Posted by: susankayjones | November 1, 2009

sabbath and simple joys

it’s been so unbelievably refreshing to have an actual sabbath for two saturdays in a row. sometimes life in america is a little too stressful and busy for me. sure, some of that is my own sinful nature of perfectionism and inability to let go, but also, it’s kind of bred here.

despite our culture, however, the Lord has called us to observe sabbath. to truly rest in the Lord. to sit. to process how He continues to refine and sanctify me. to soak in His nature. to enjoy fellowship. to just be.

in those moments of stillness, i am reminded of so much Truth that i have chosen to overlook throughout my busy week. in silence before the Lord, i can hear…but more importantly, i can listen.

it’s also in these moments that the Lord allows joy in my heart from simple things. maybe it’s a beautiful butterfly (ash :) ), or an uplifting conversation, or perhaps a glorious walk outside. or maybe, just maybe, it’s finding my way to an empty park with swings that beg me to take a ride.

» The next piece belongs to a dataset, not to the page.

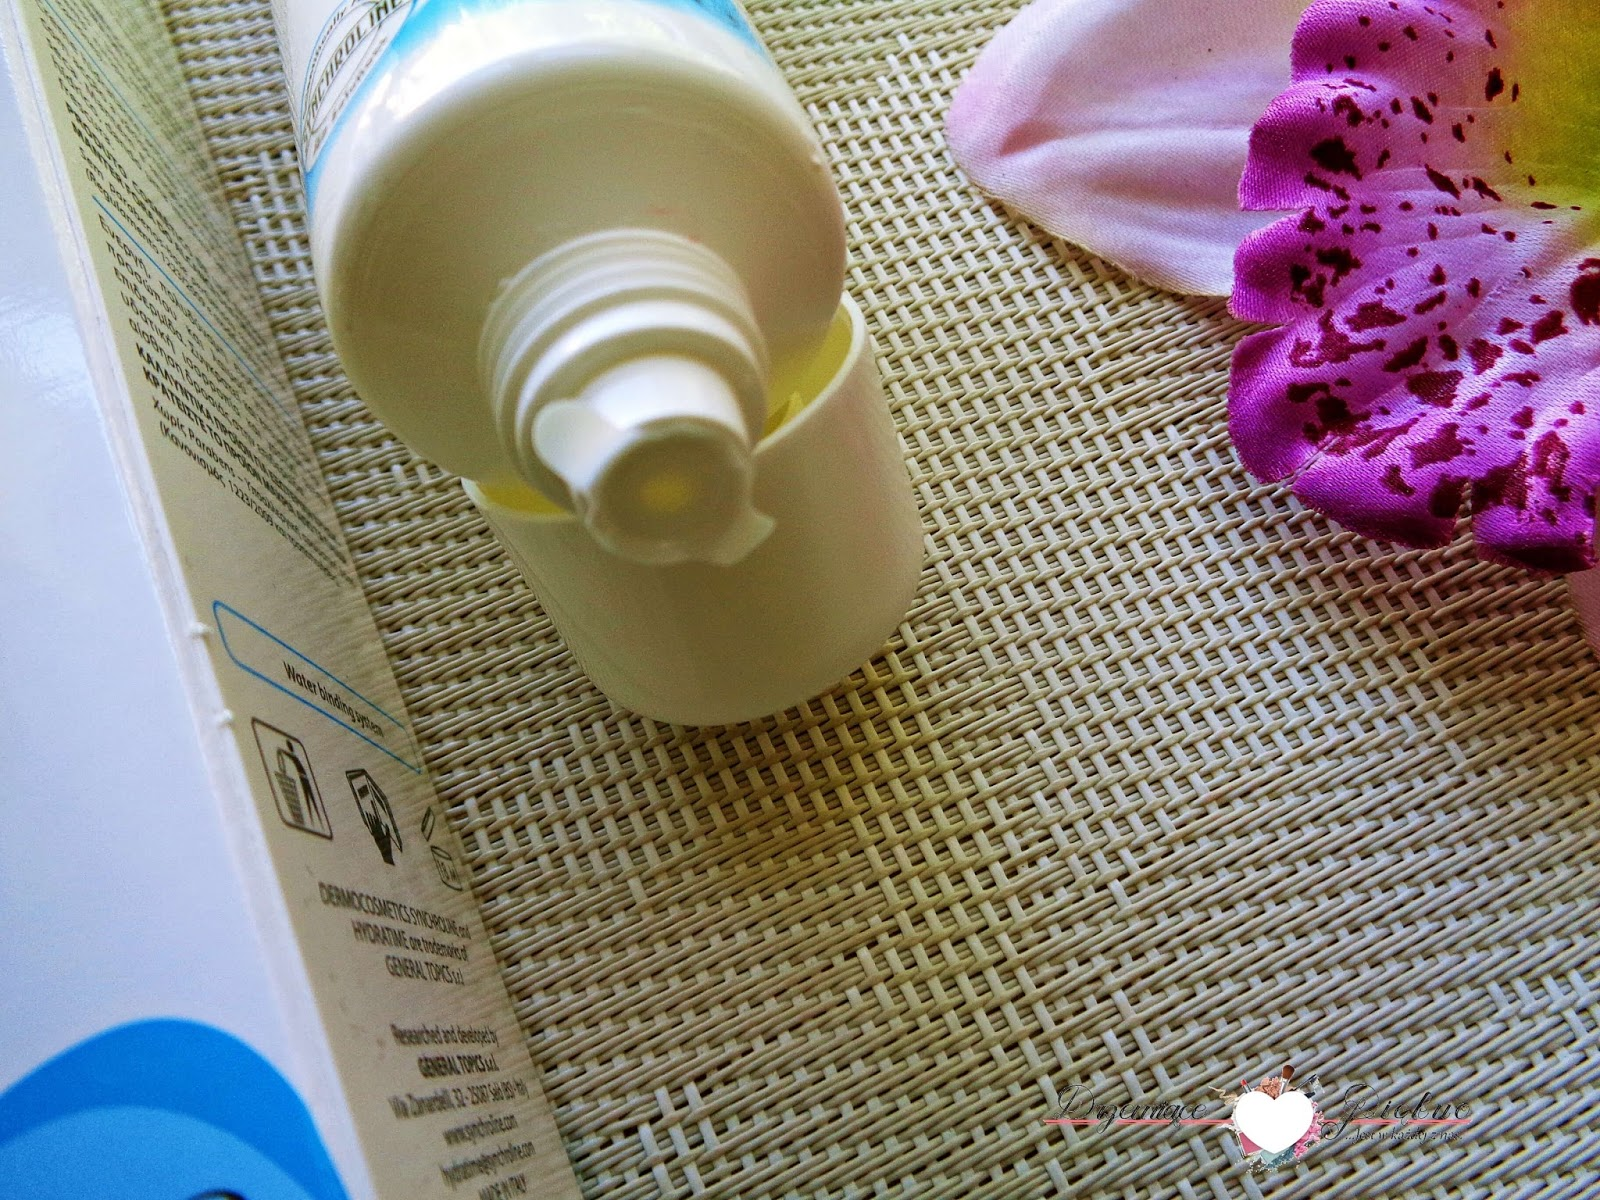 Skład, działanie, opinie - Synchroline Hydratime Plus - krem głęboko nawilżający dla skóry suchej i bardzo suchej.
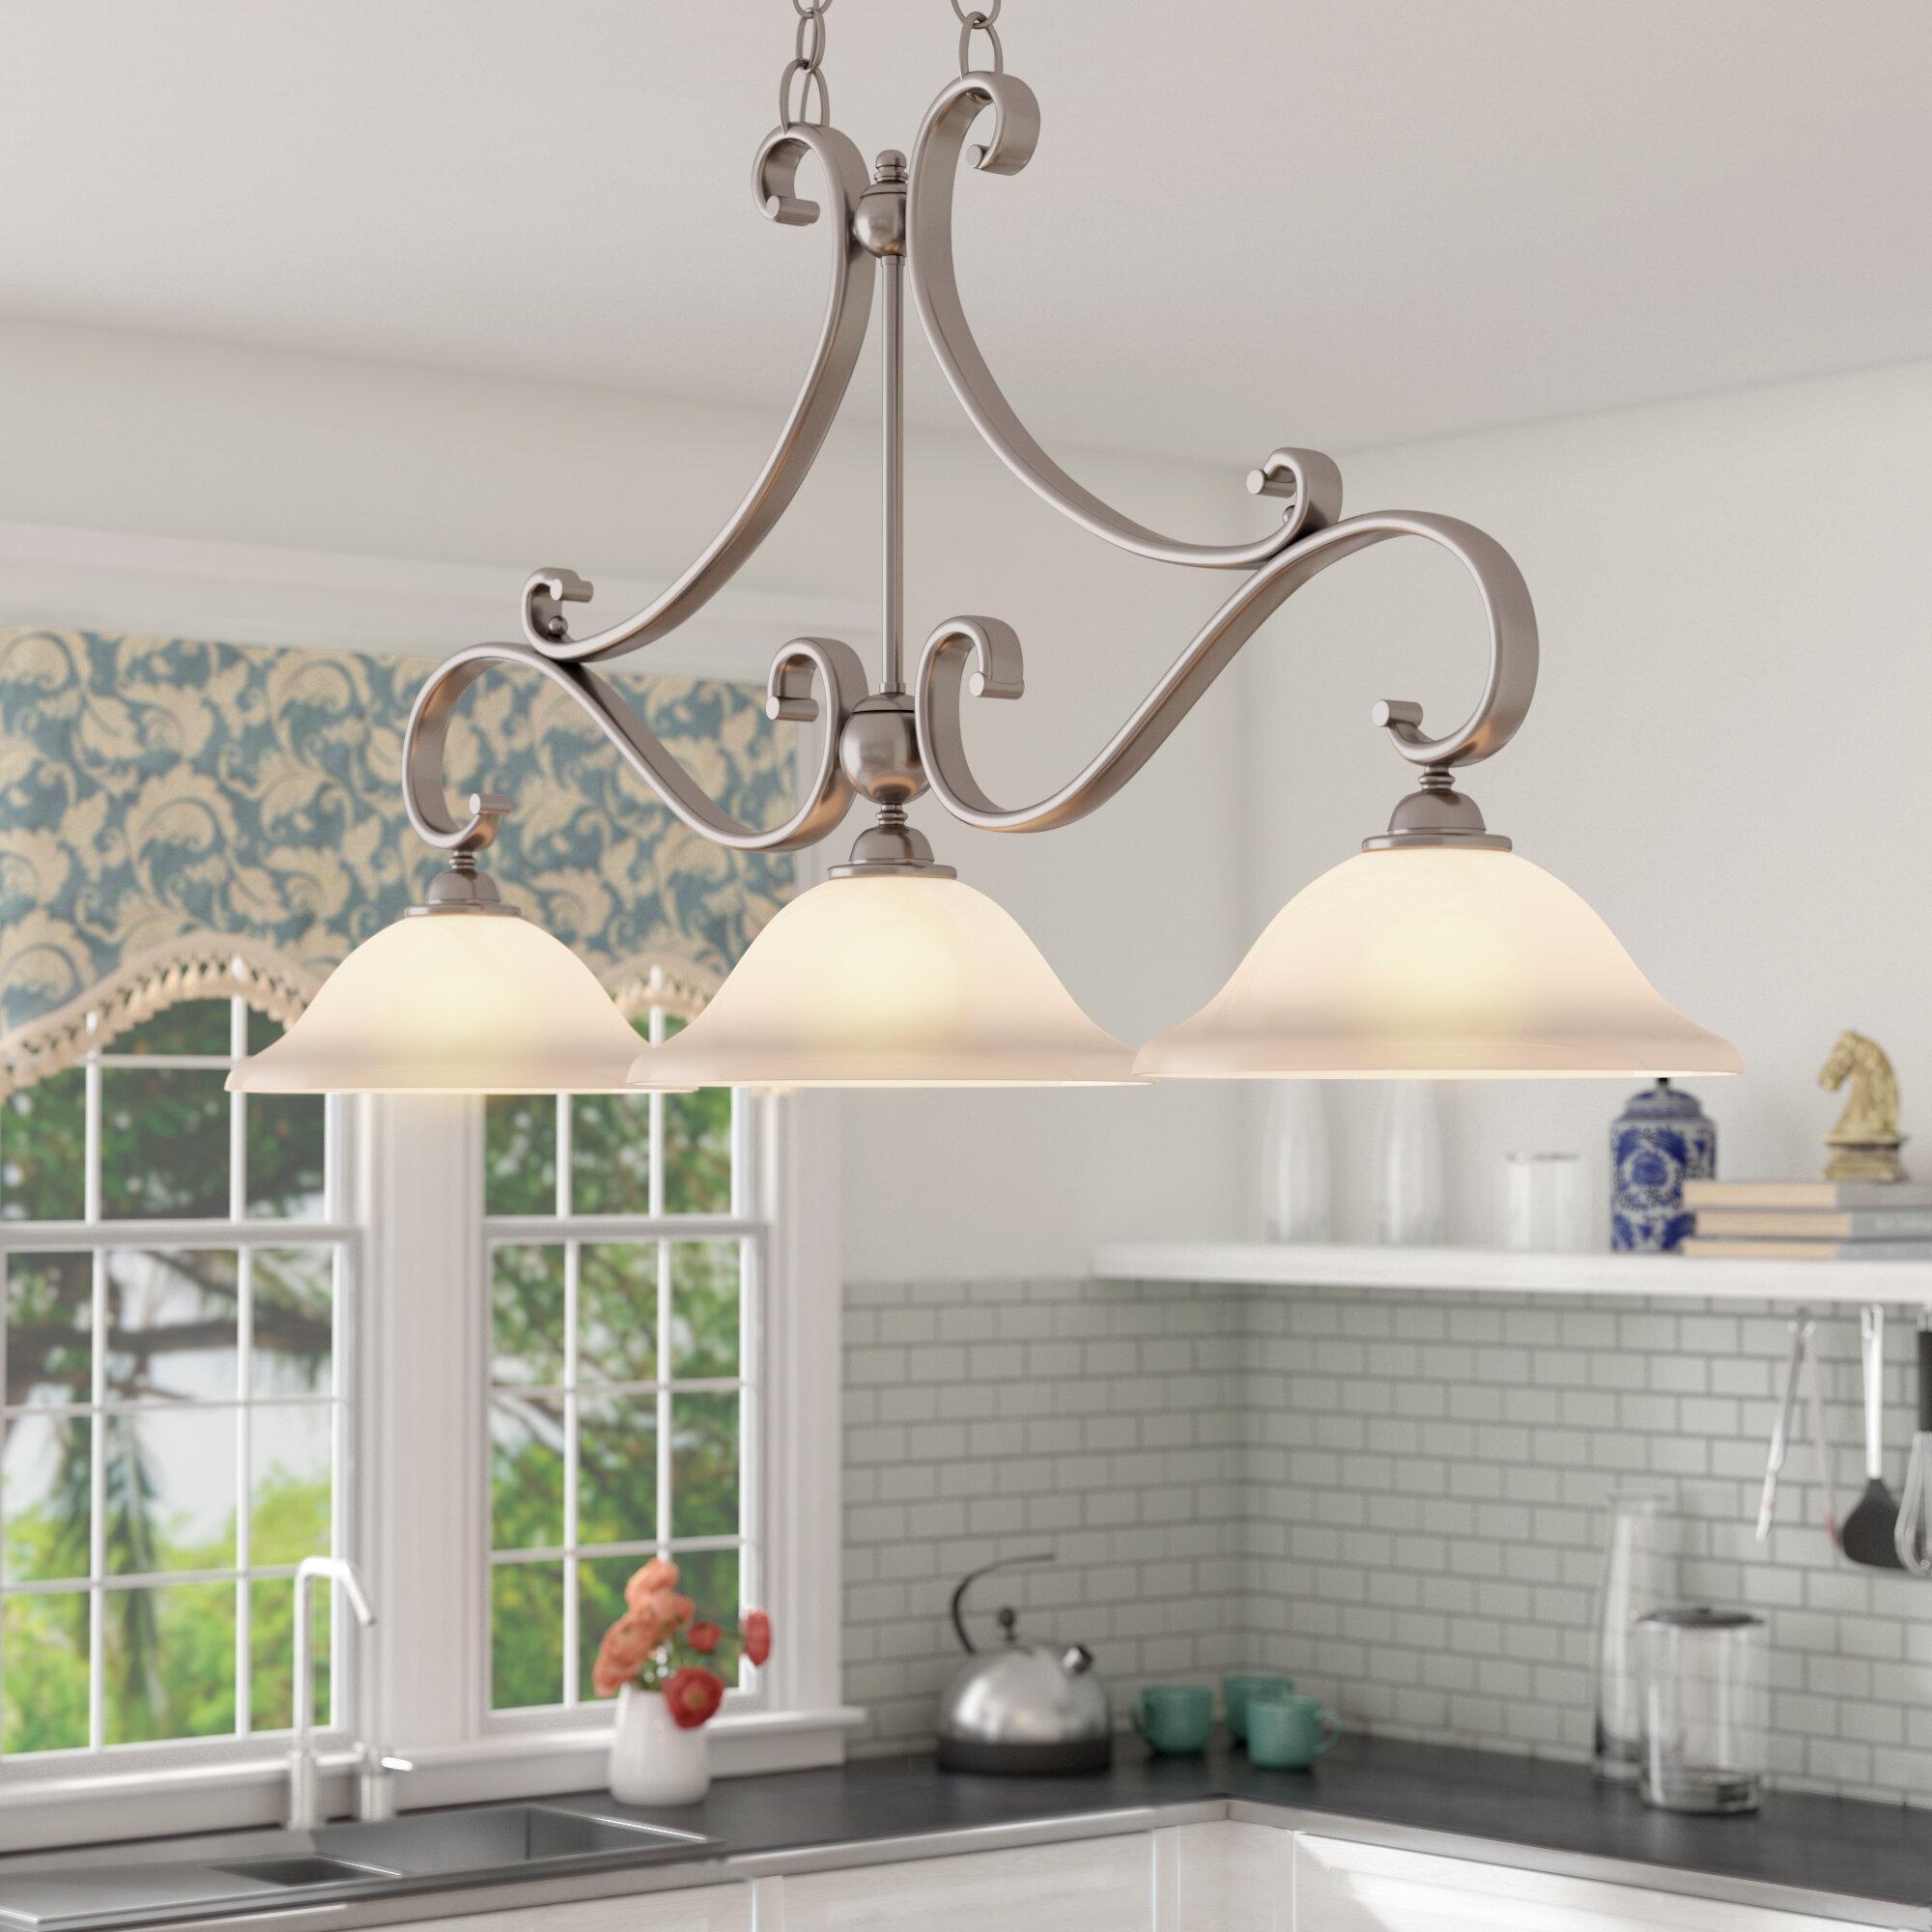 Van Horne 3 Light Kitchen Island Linear Pendant

i just couldn’t resist. swings just make me happy.

swinging

in the coming weeks/months, life will undoubtedly get crazy. with the start of my ministry team raising process and beginning the additional training to go overseas, it will be harder to “sabbath.” but, if i  have learned nothing else these two weeks, i have learned that it’s not going to be optional.

and, if anyone just really wants to donate a swing set to the elsby house, i wouldn’t hate that. just sayin.